• [Task item]
After finding "Earrings - Sterling" in the data, write out its line and all following lines without change, up to and including the last one. Leave out pictures.
:: Records for the exercise
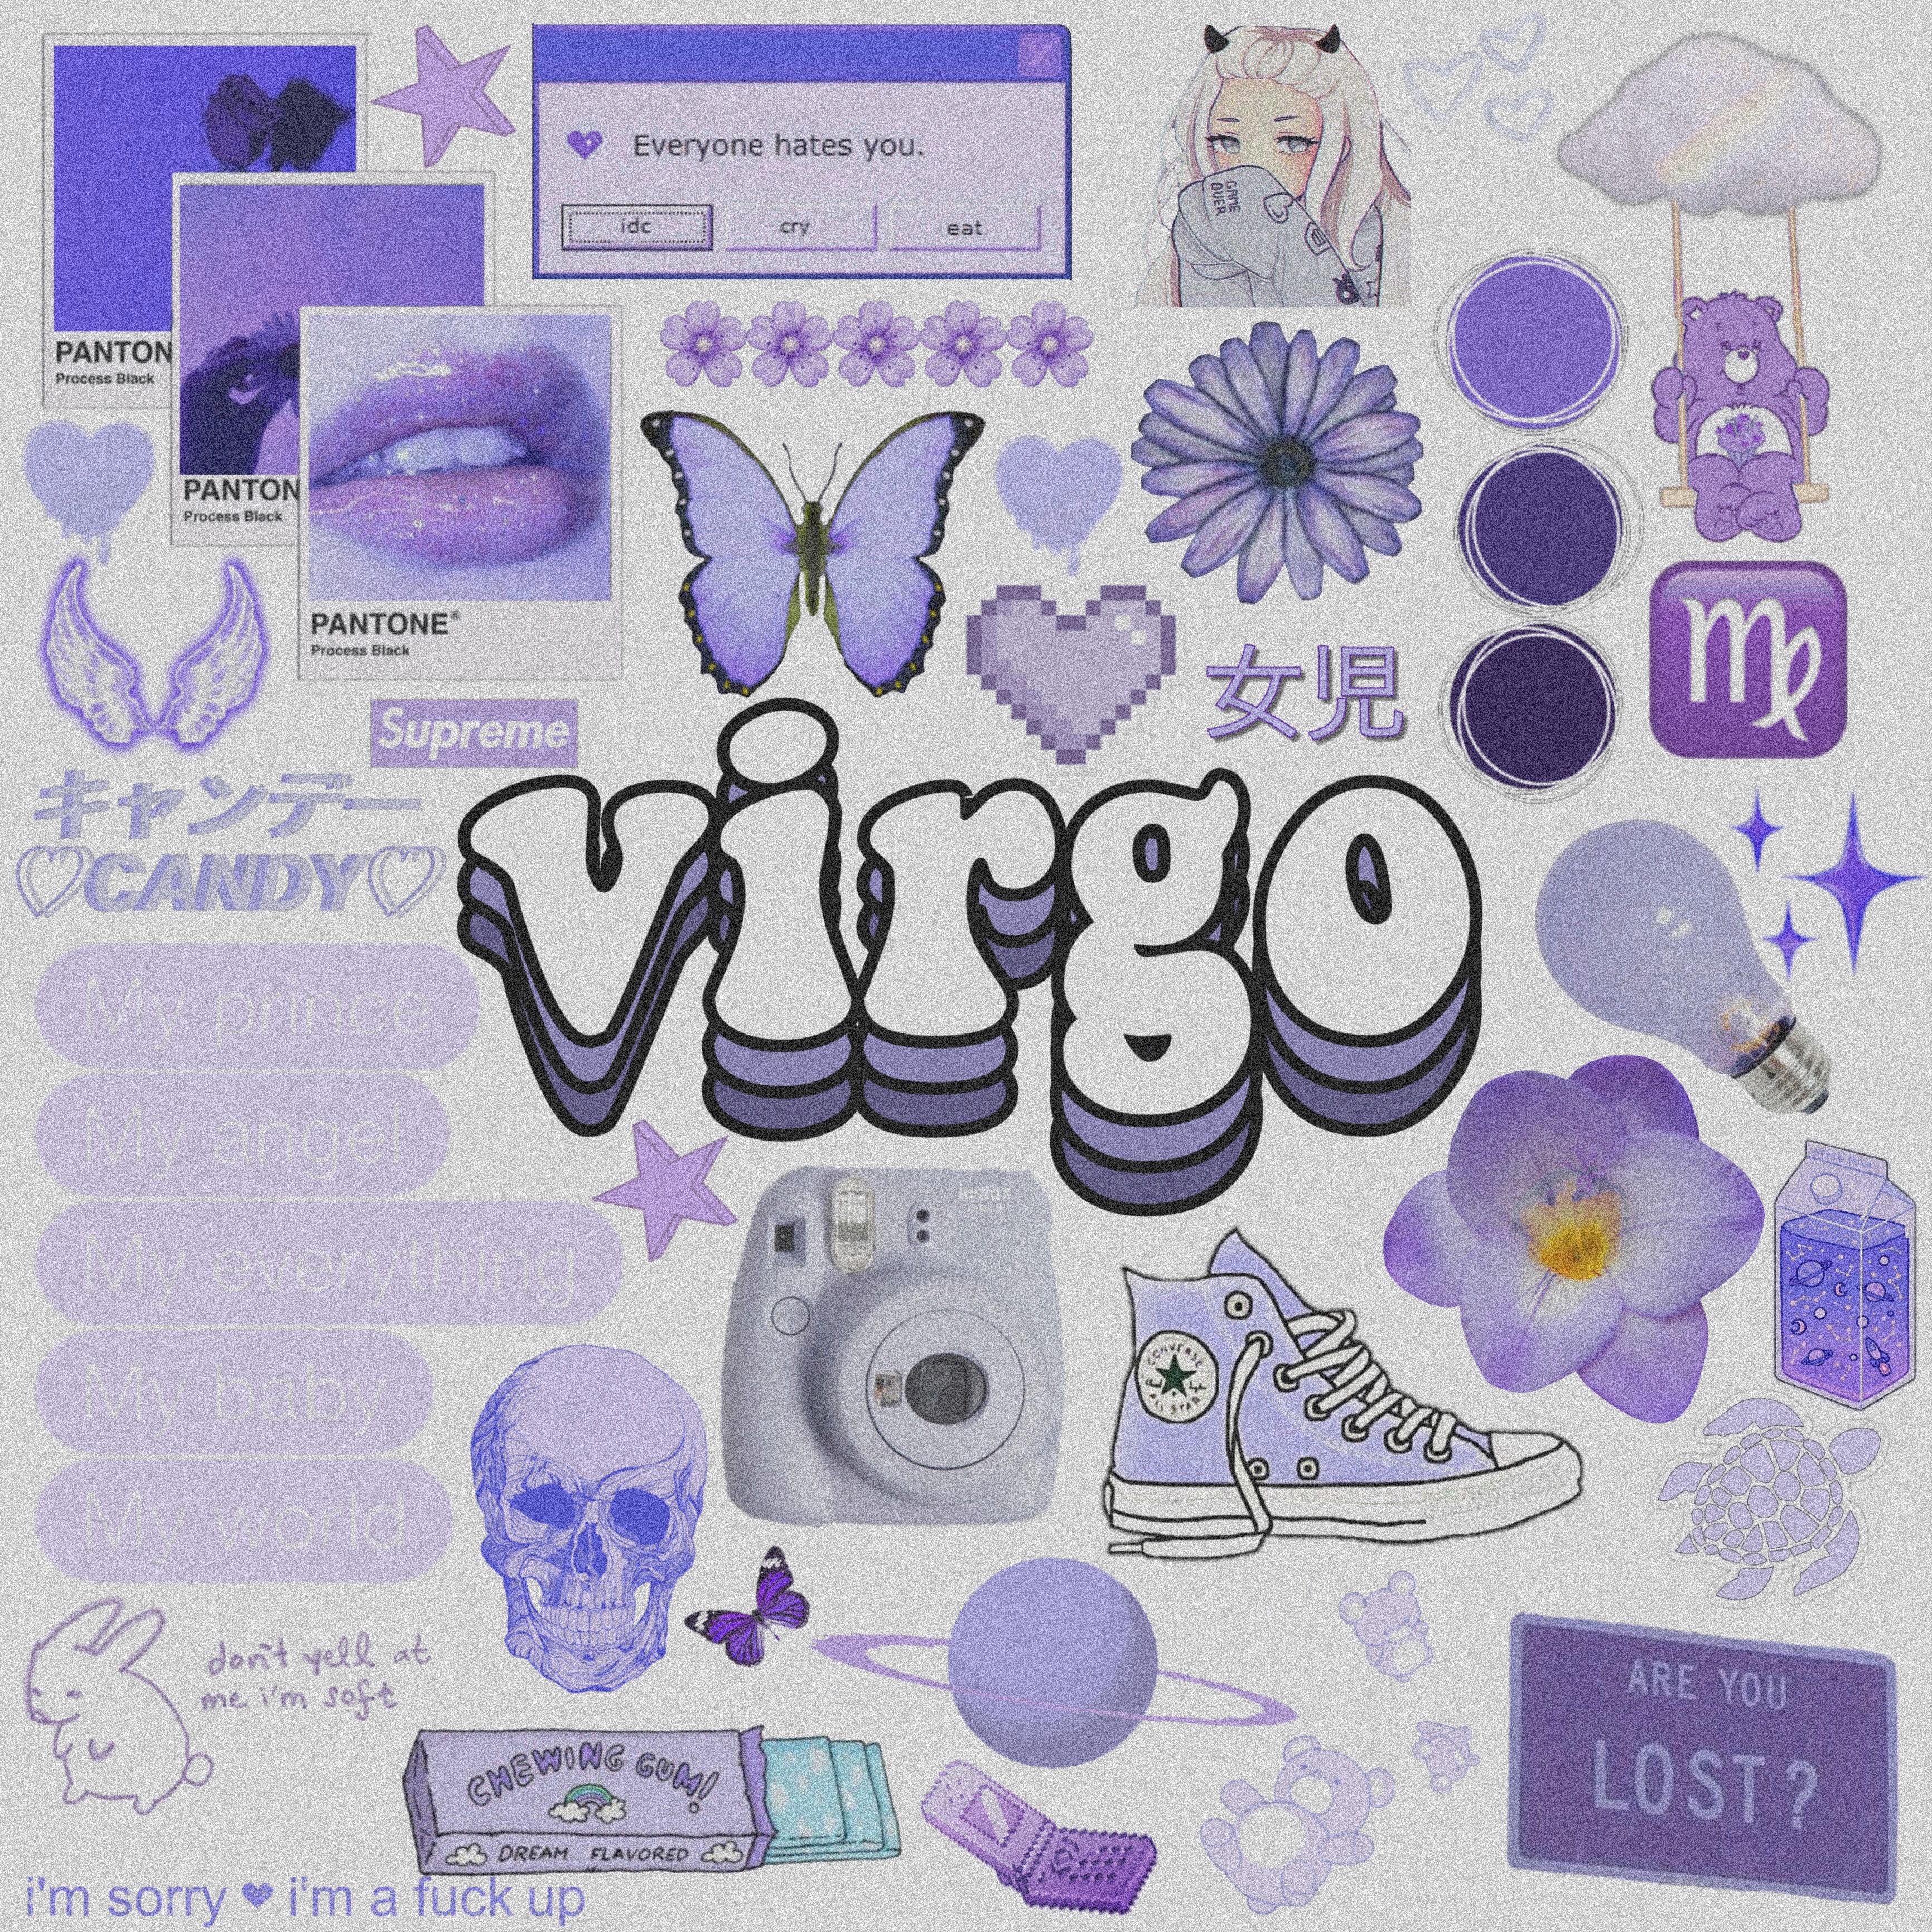 Aesthetic background image with the word Virgo in the center surrounded by purple and white images. - Virgo
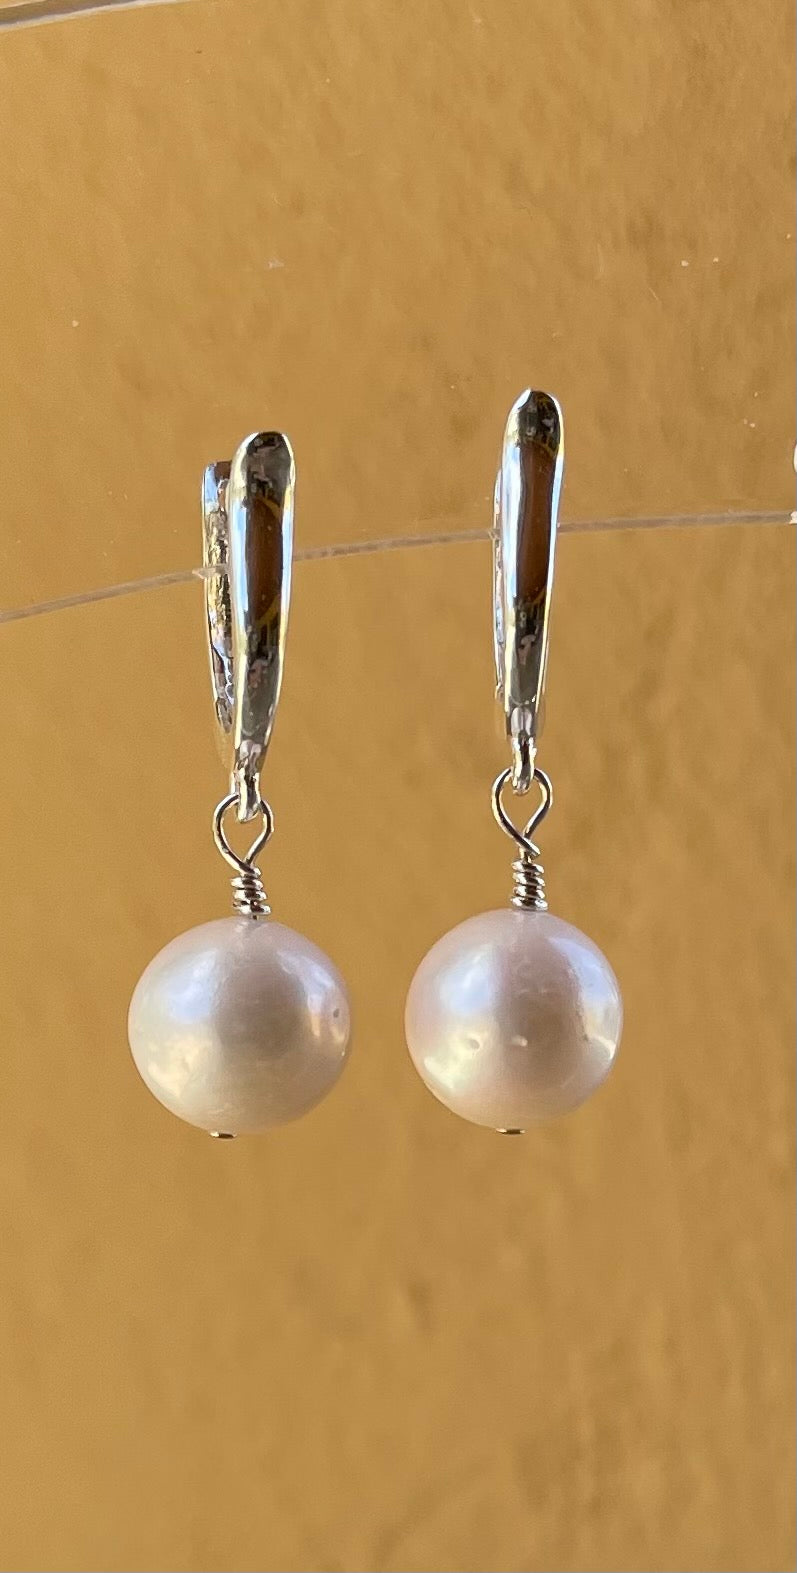 Earrings - Sterling silver with larger white round pearls
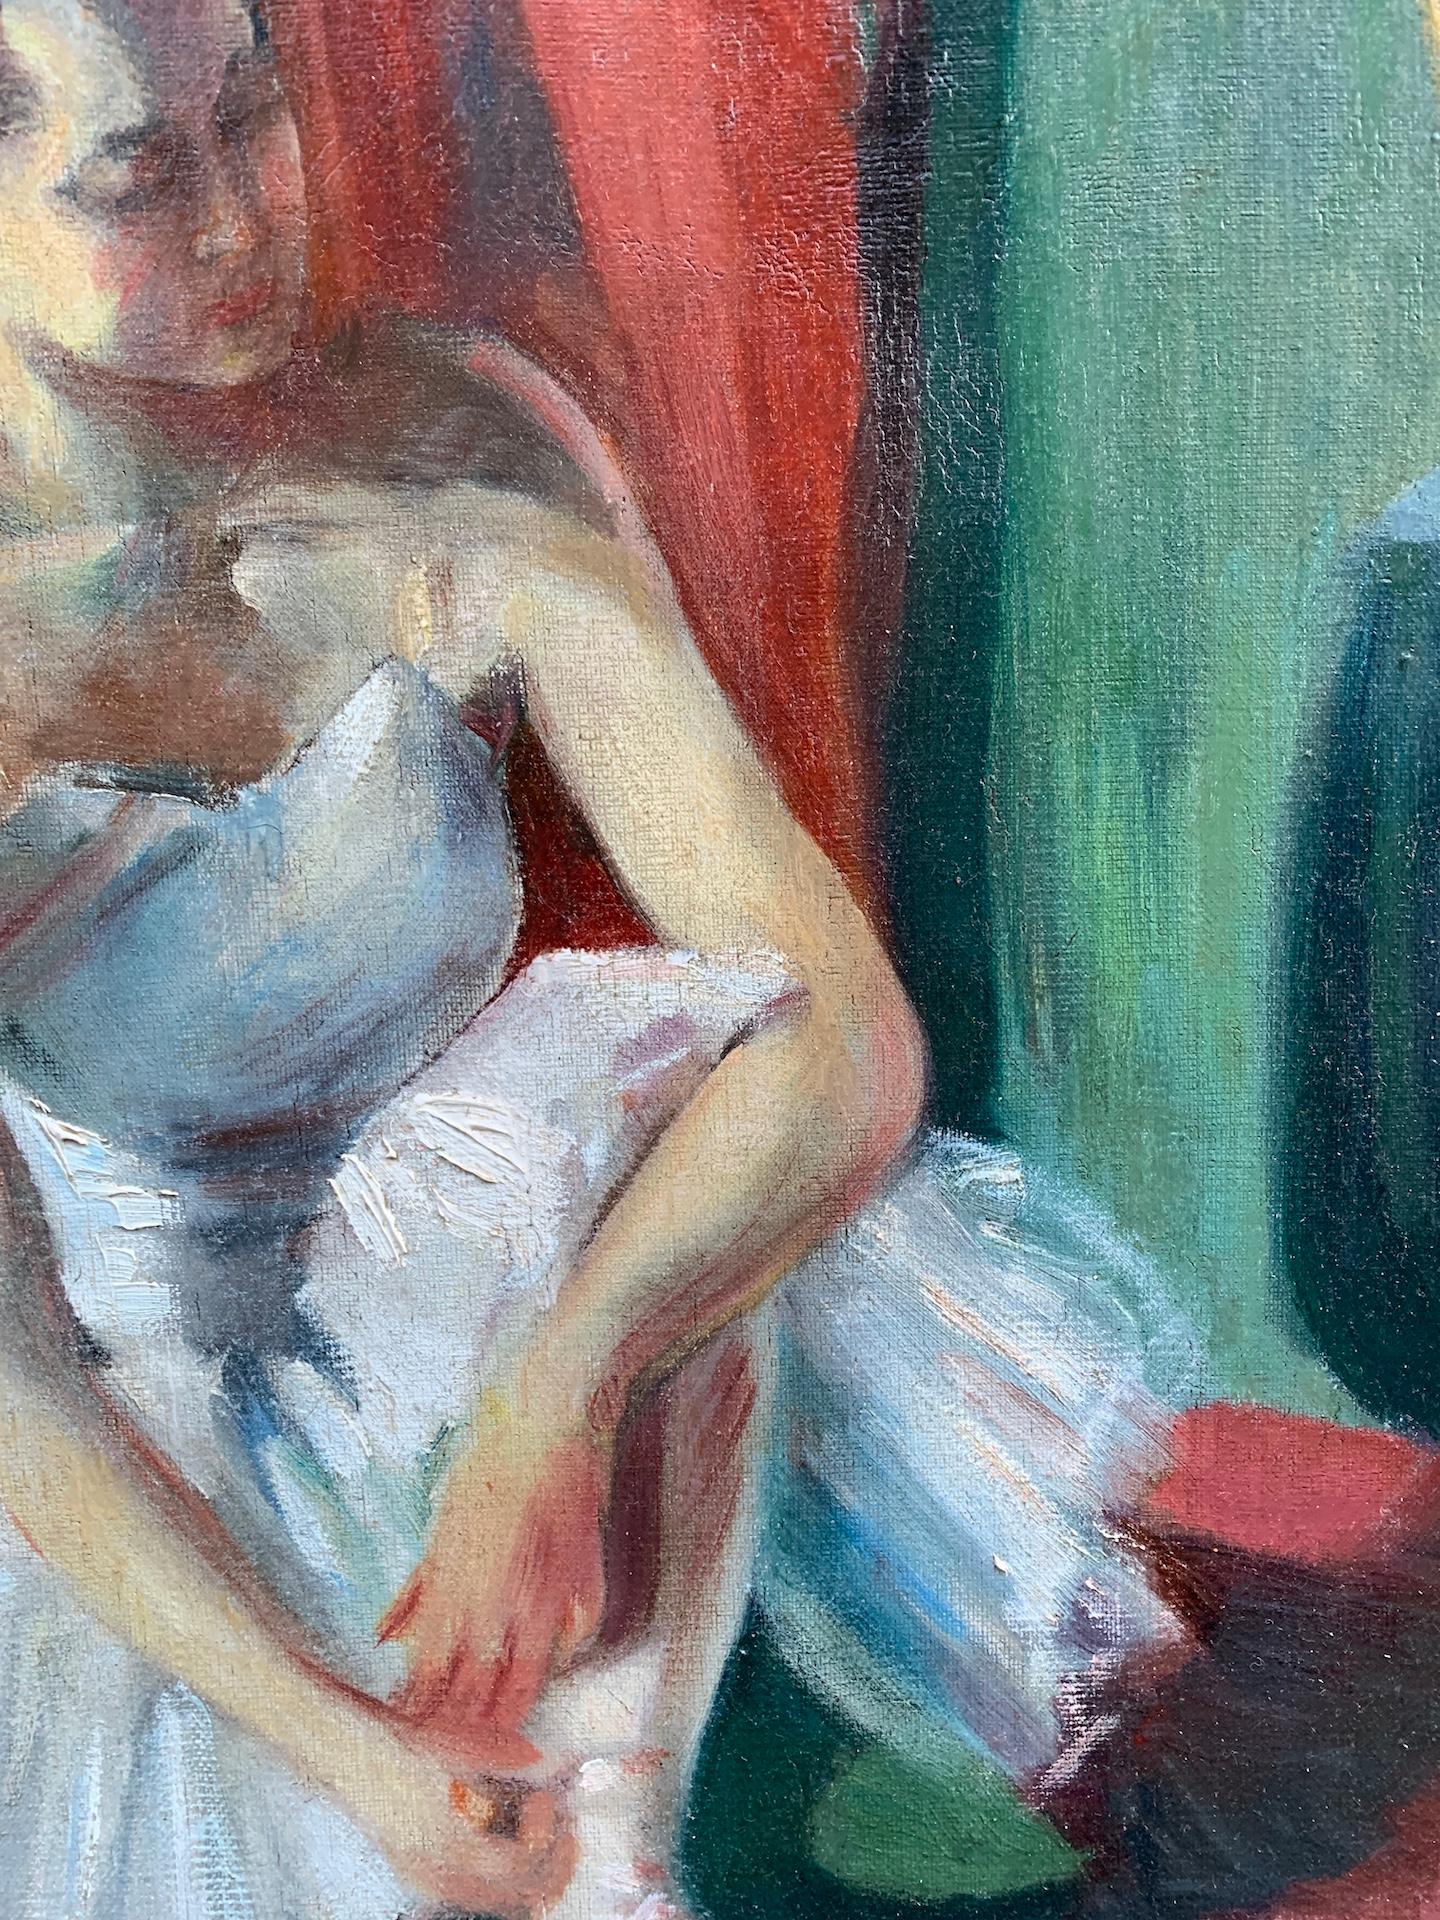 Very Impressive French Impressionist figure study of a Ballerina seated in an interior.

A very decorative and very desirable oil on canvas dating from the early 1900's

The painting has a great feeling and lights up any room with its well balanced
::::
• [Output below]
 Earrings - Sterling silver with larger white round pearls
 Very Impressive French Impressionist figure study of a Ballerina seated in an interior.

A very decorative and very desirable oil on canvas dating from the early 1900's

The painting has a great feeling and lights up any room with its well balanced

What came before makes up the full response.